Published: 3 weeks ago (December 29, 2025 at 11:48 AM EST)

3 min read

Source: arXiv

Source: arXiv - 2512.23594v1

Overview

The paper tackles a persistent problem in computer‑vision‑based fire monitoring: reliably spotting flames at night using RGB‑NIR (near‑infrared) cameras. By augmenting scarce NIR data, introducing a two‑stage detection pipeline, and proposing a patch‑based variant of YOLO, the authors push detection accuracy beyond the best‑published results while cutting down false alarms caused by bright artificial lights.

Key Contributions

Expanded NIR dataset – curated and heavily augmented to mitigate the lack of publicly available night‑vision fire imagery.
Two‑stage detection pipeline – combines a fast YOLOv11 front‑end with a lightweight EfficientNetV2‑B0 classifier to filter out false positives from artificial lighting.
Patched‑YOLO – a novel preprocessing scheme that splits high‑resolution RGB frames into overlapping patches, enabling the detector to better capture small or distant flames.
Comprehensive benchmark – re‑evaluates state‑of‑the‑art detectors (YOLOv7, RT‑DETR, YOLOv9) on the new dataset, demonstrating consistent gains in mAP₅₀₋₉₅.

Methodology

Data Collection & Augmentation
- Gathered raw NIR video from night‑vision cameras in controlled fire‑training sites.
- Applied geometric (rotation, scaling), photometric (brightness/contrast jitter), and domain‑specific augmentations (simulated smoke, lens flare) to inflate the training pool.
Two‑Stage Detection
- Stage 1: YOLOv11 runs on the full‑frame RGB‑NIR composite, quickly proposing bounding boxes.
- Stage 2: Each proposal is cropped and fed to EfficientNetV2‑B0, which classifies it as “fire” or “non‑fire” (e.g., street lamp).

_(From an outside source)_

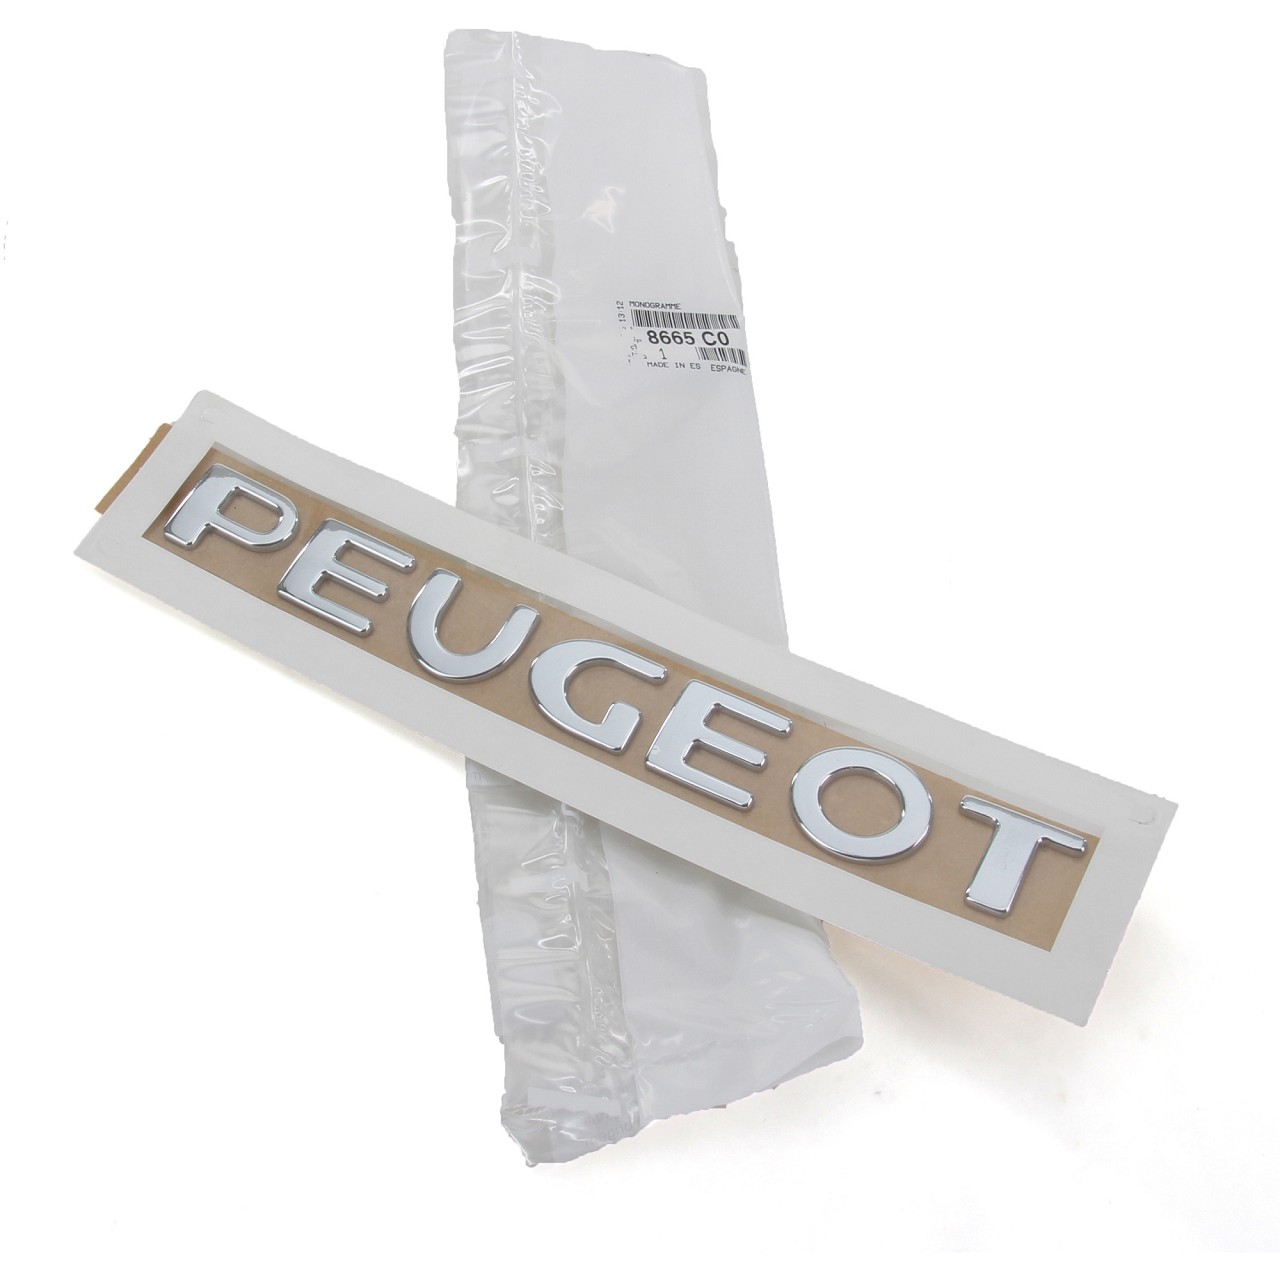 ORIGINAL Peugeot Emblem Plakette Logo Schriftzug Heckklappe 307 Partner  8665.C0
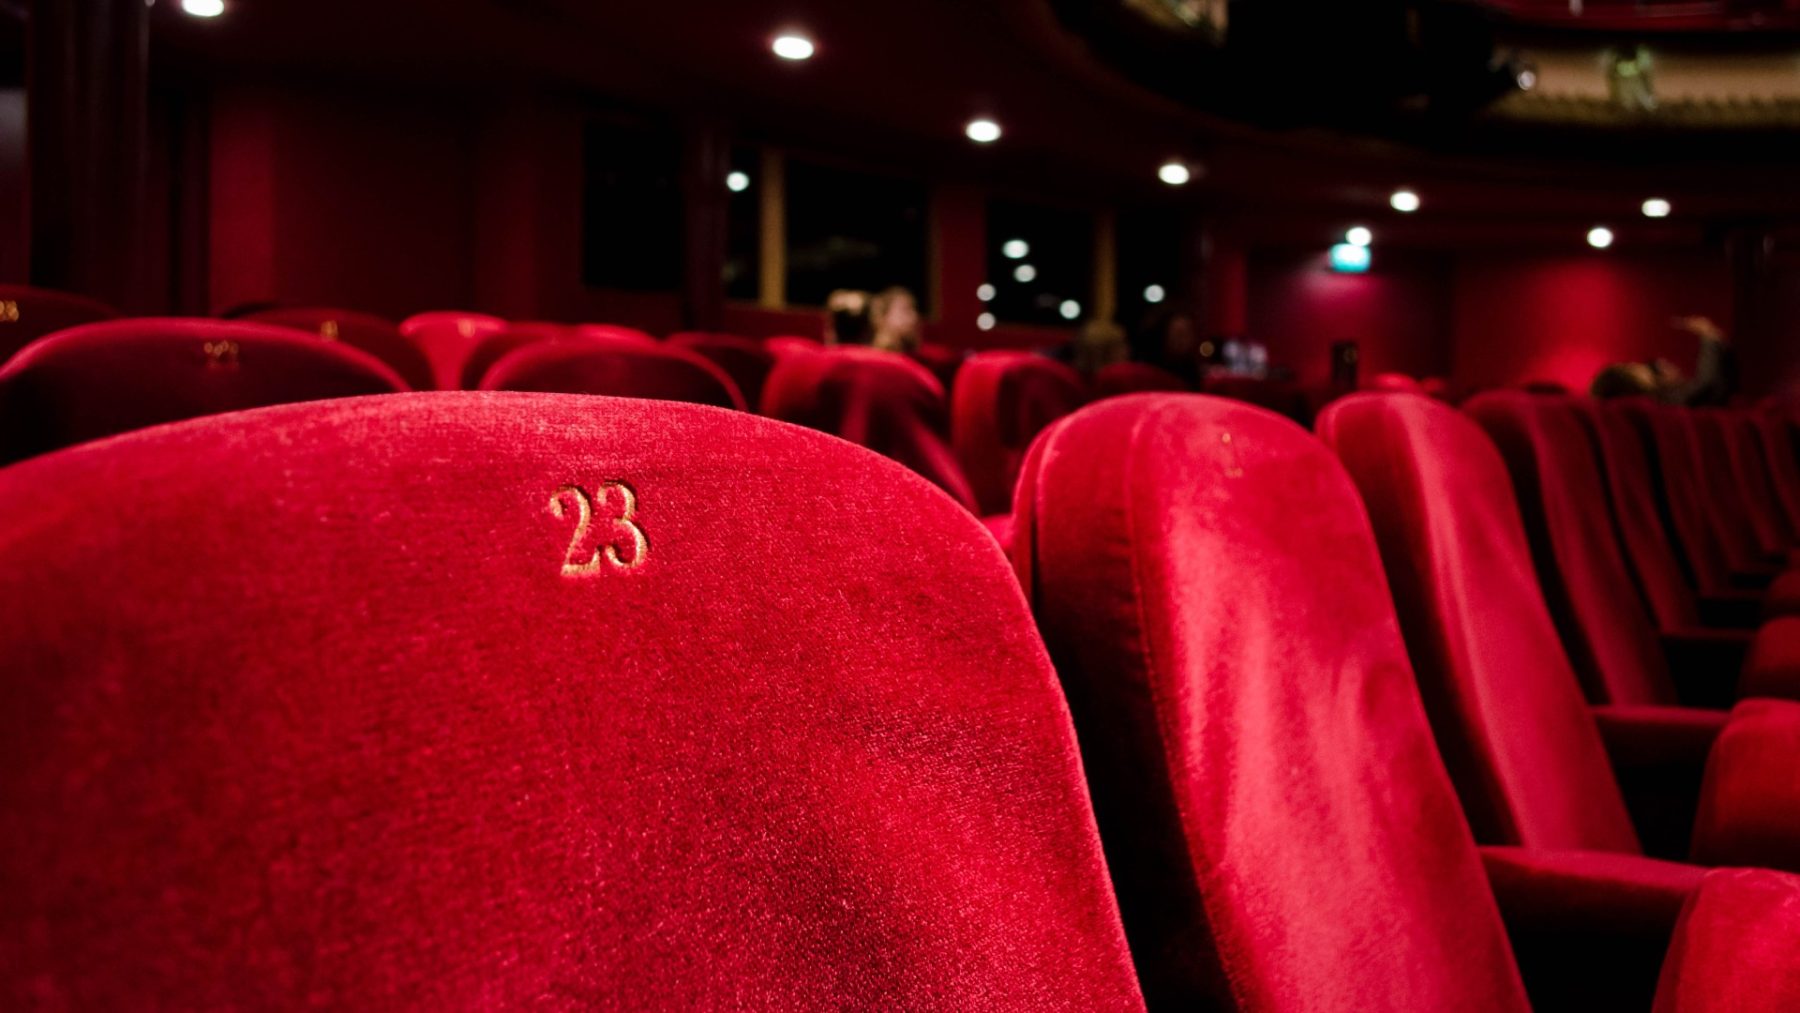 Kabinet wil versoepelen: volle zalen en theaters en horeca open tot 01.00 uur

This lightweight net runs on the GPU in parallel, keeping latency low.
Patched‑YOLO for RGB
- The input image is tiled into overlapping patches (e.g., 640 × 640 with 20 % overlap).
- YOLO processes each patch independently; detections are merged using non‑maximum suppression across patch boundaries.
- This strategy preserves high‑resolution detail without blowing up memory usage.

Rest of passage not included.